▸ **RAW DATA**:
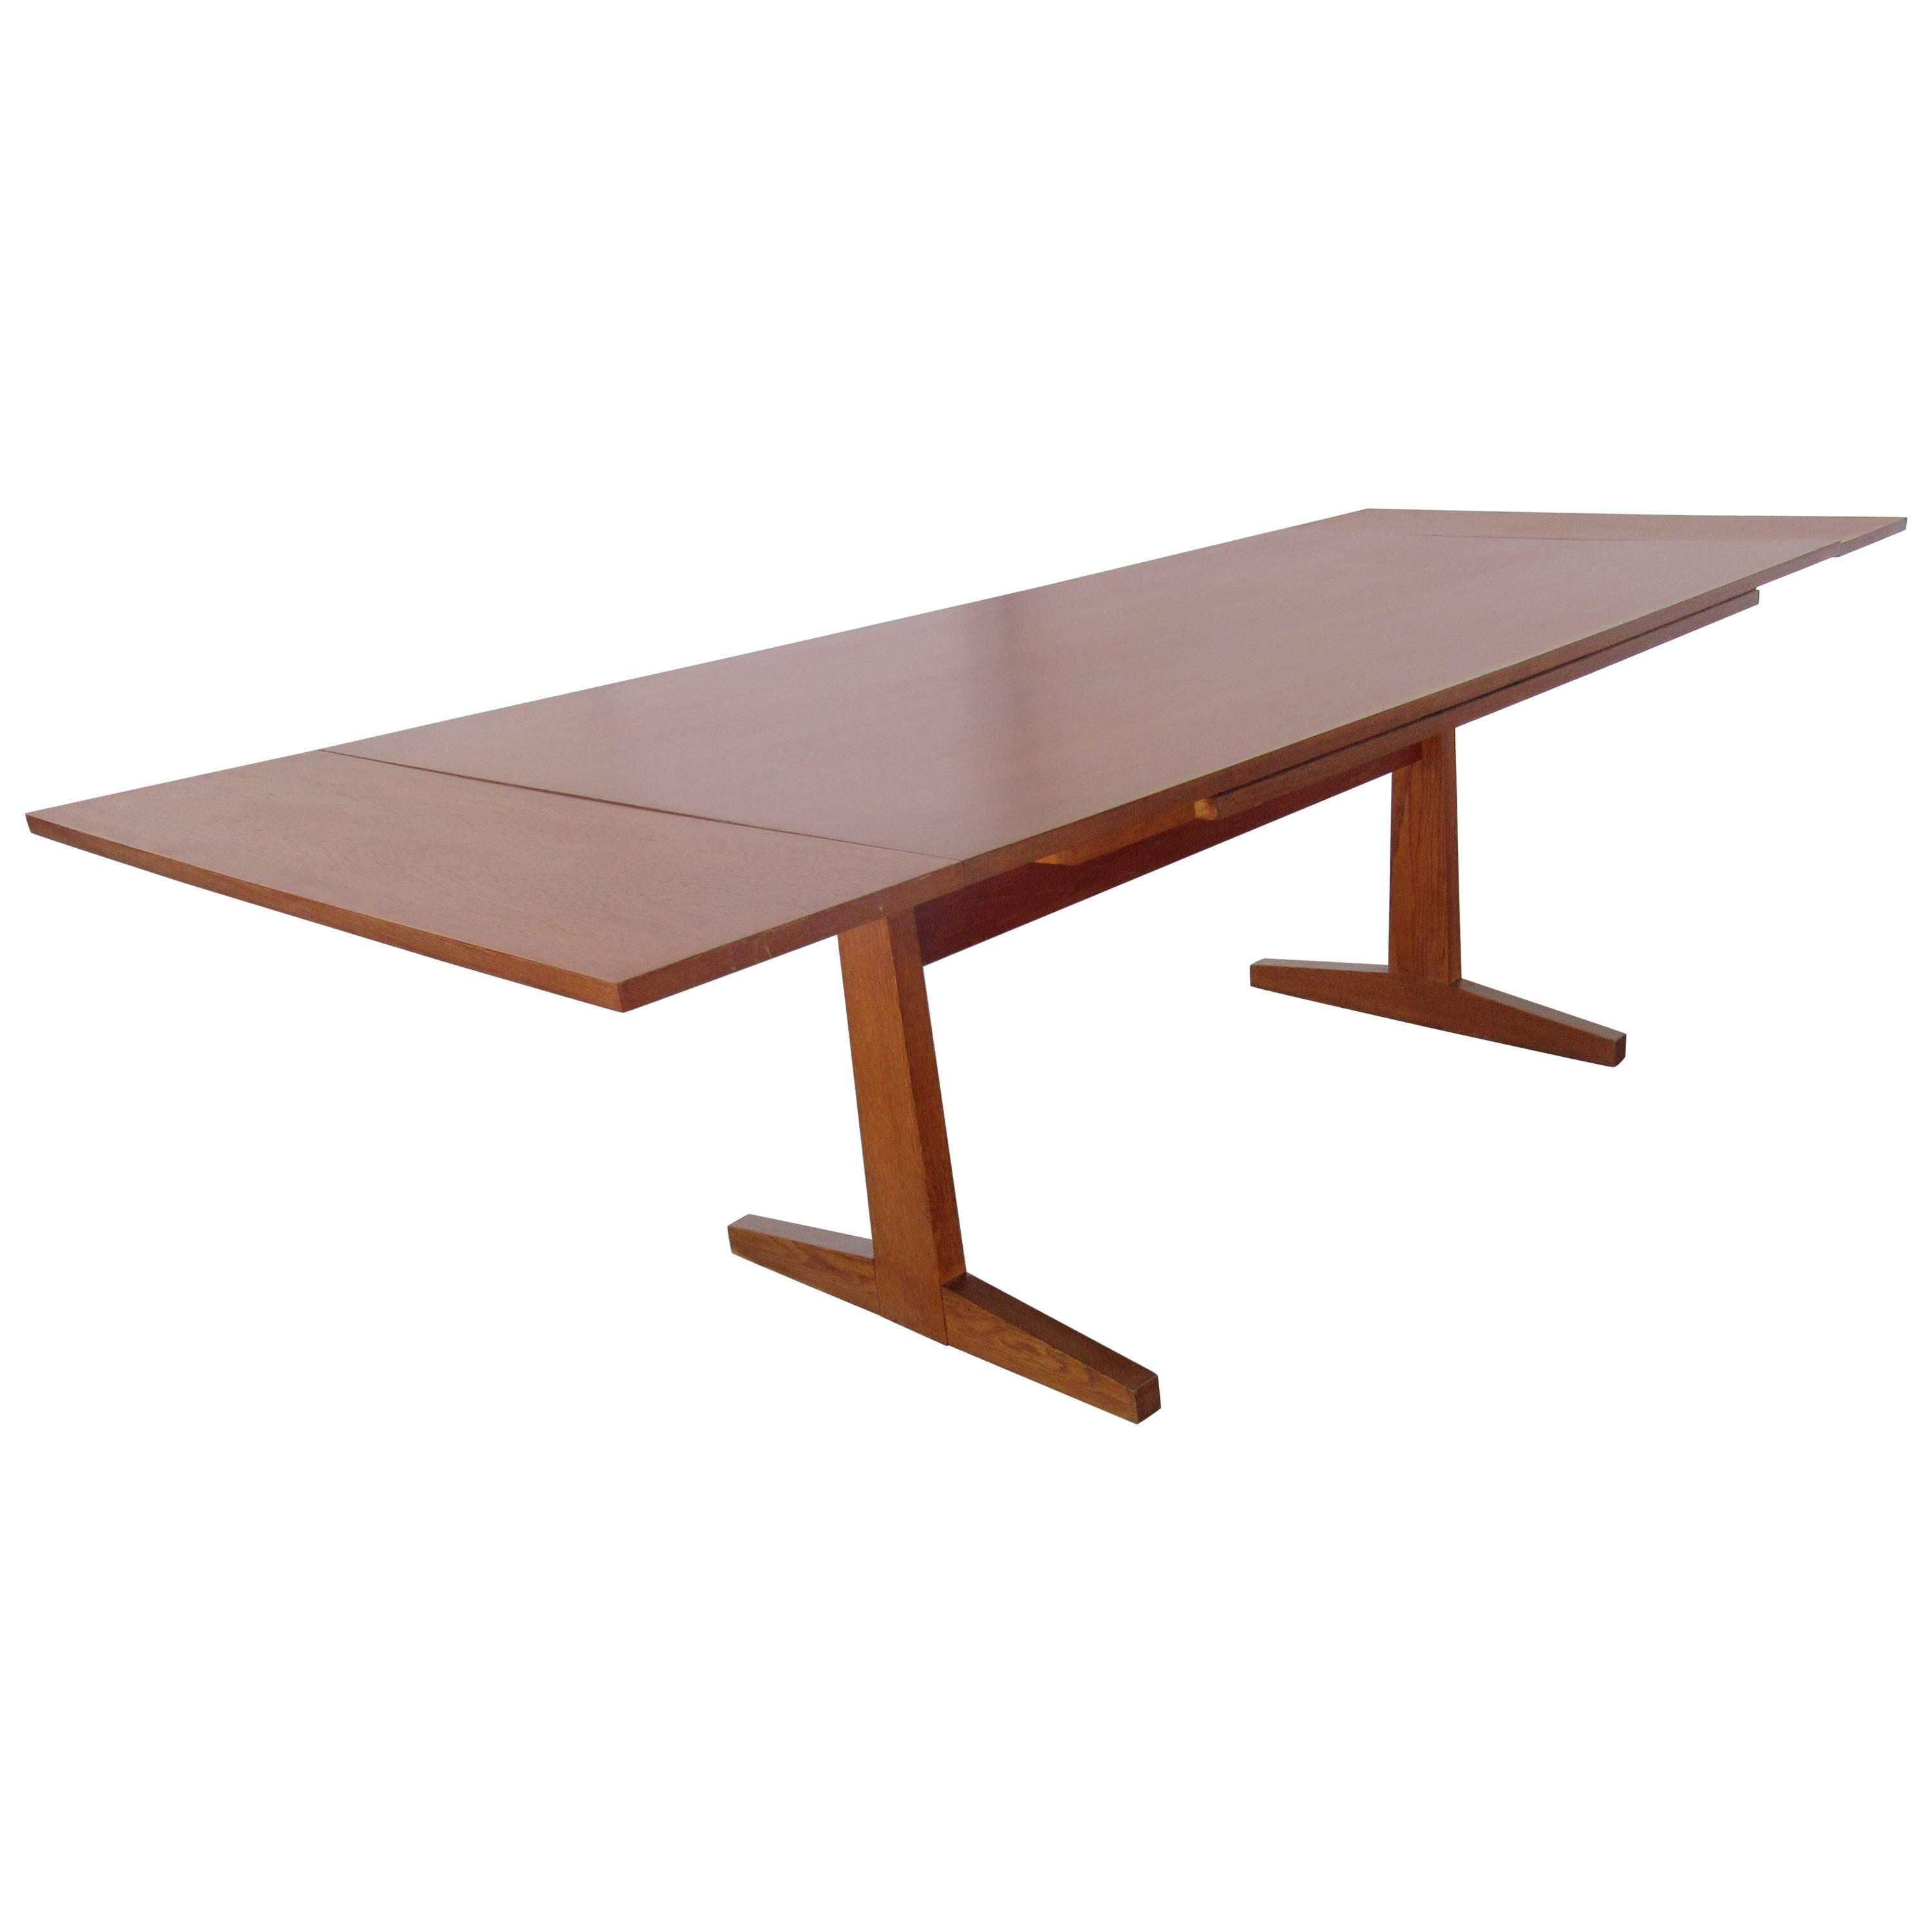 Danish Modern Teak Extending Table with Pedestal Base, 1960s For Sale
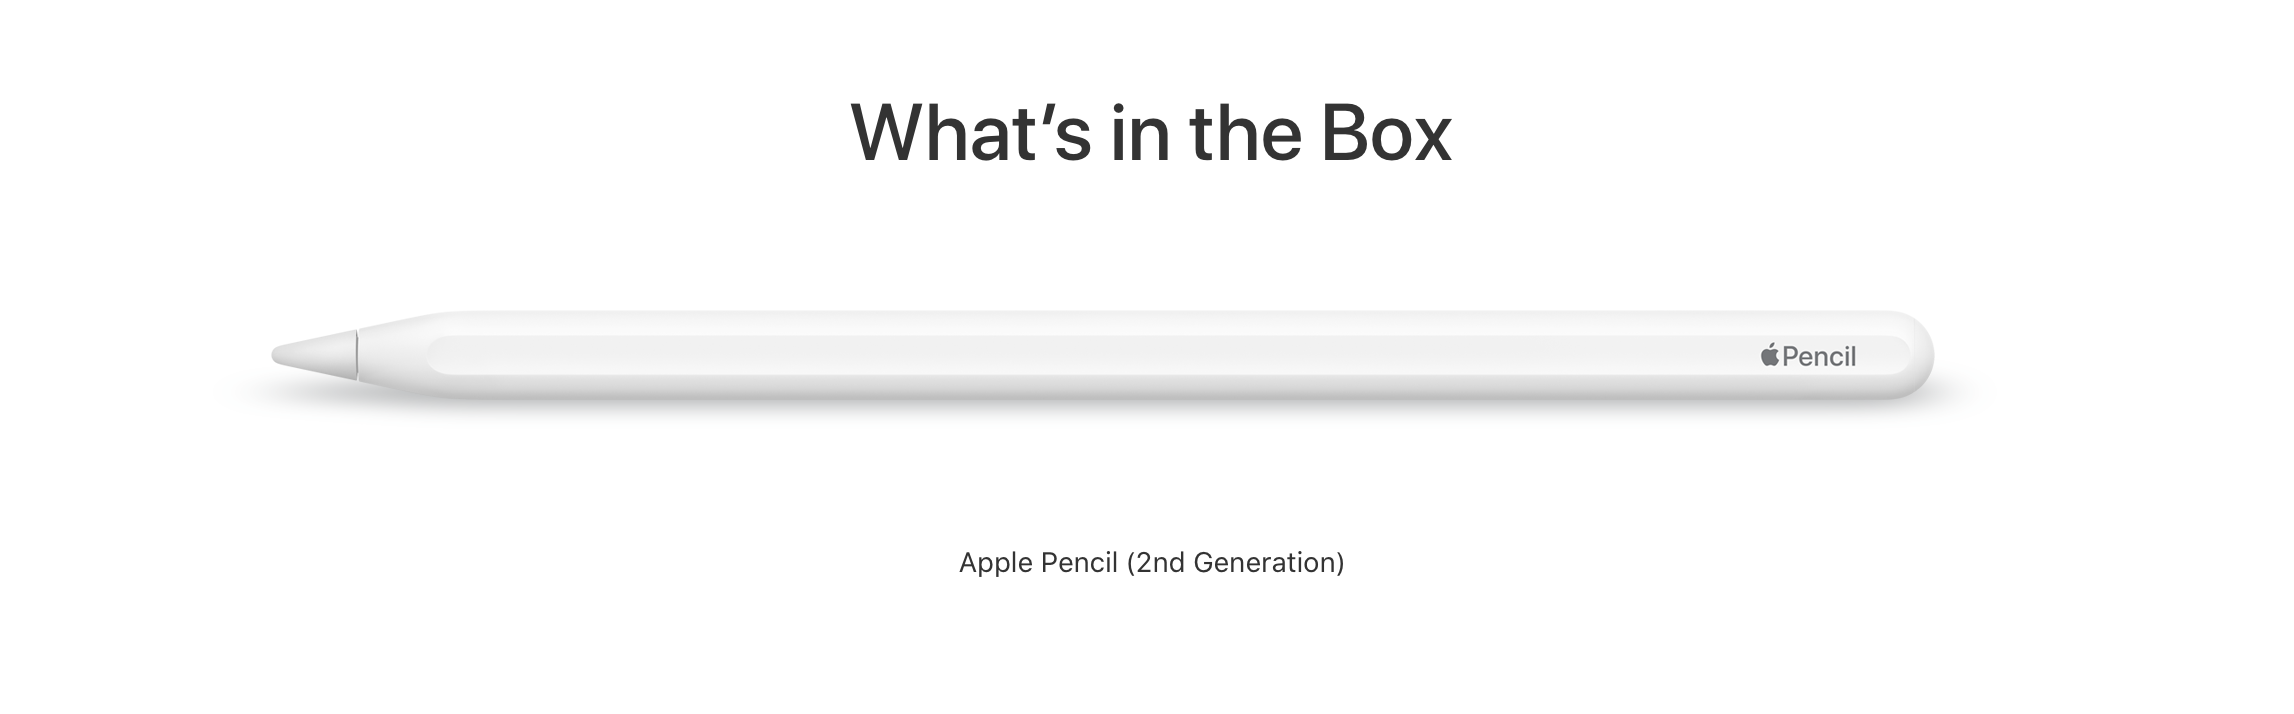 Apple Pencil Equivalent
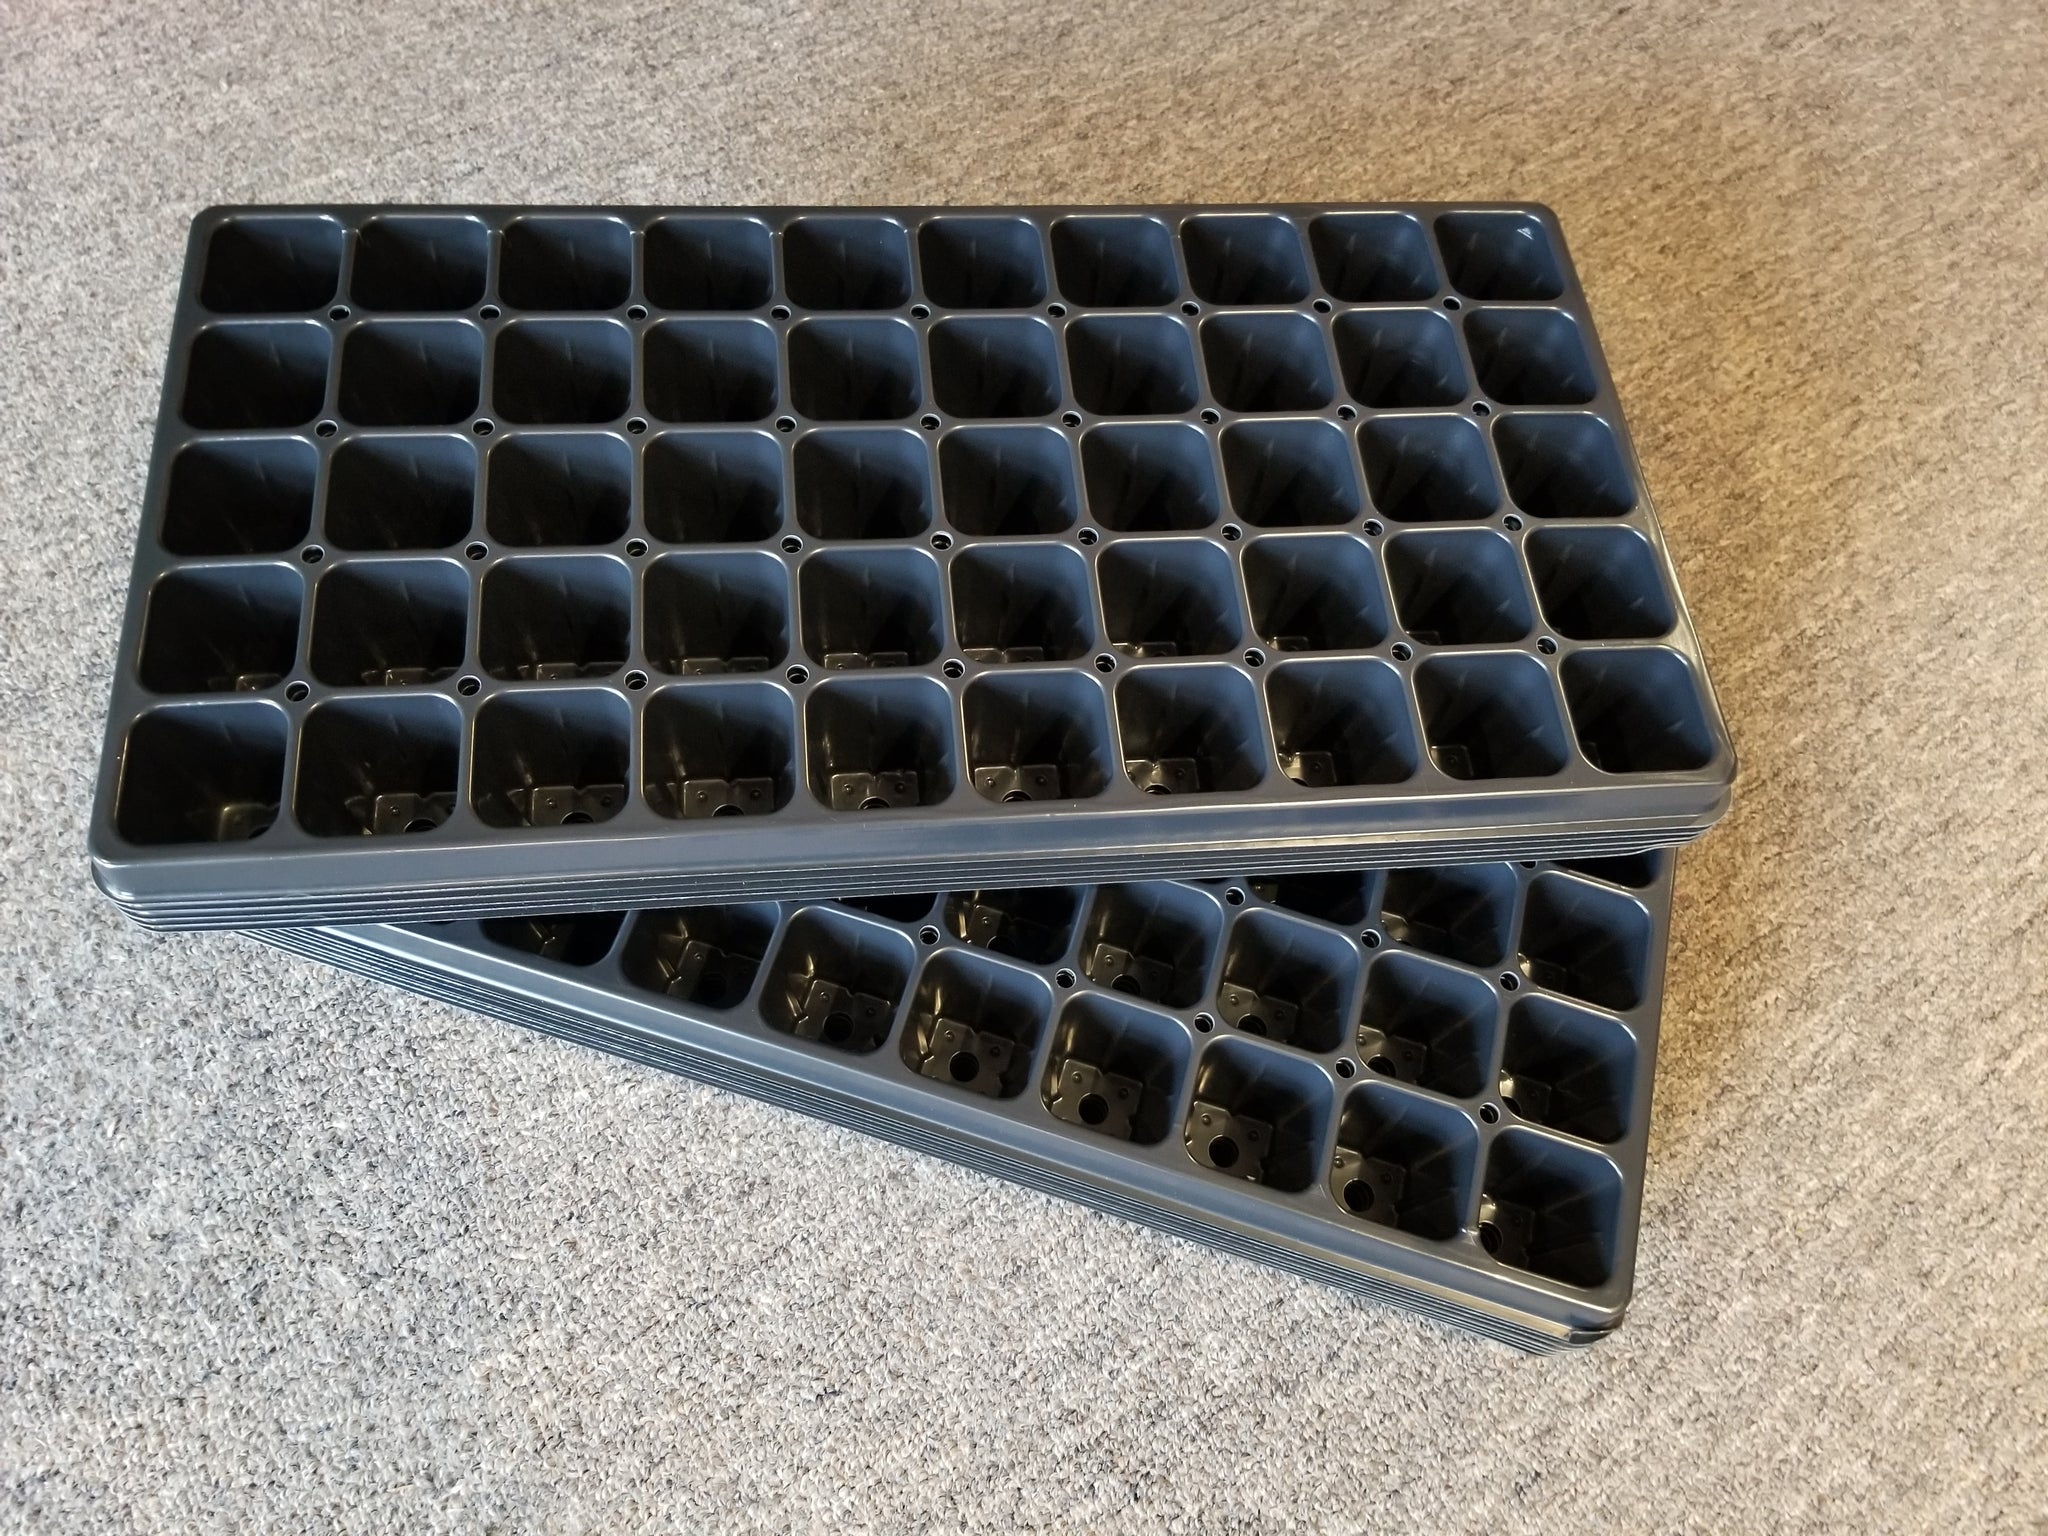 50 cell tray, 5x10

▸ **WHAT IS BEING ASKED**:
Without the pictures, repeat the listing above exactly.

▸ **WRITTEN RESPONSE**:
 Danish Modern Teak Extending Table with Pedestal Base, 1960s For Sale
 Apple Pencil Equivalent
 50 cell tray, 5x10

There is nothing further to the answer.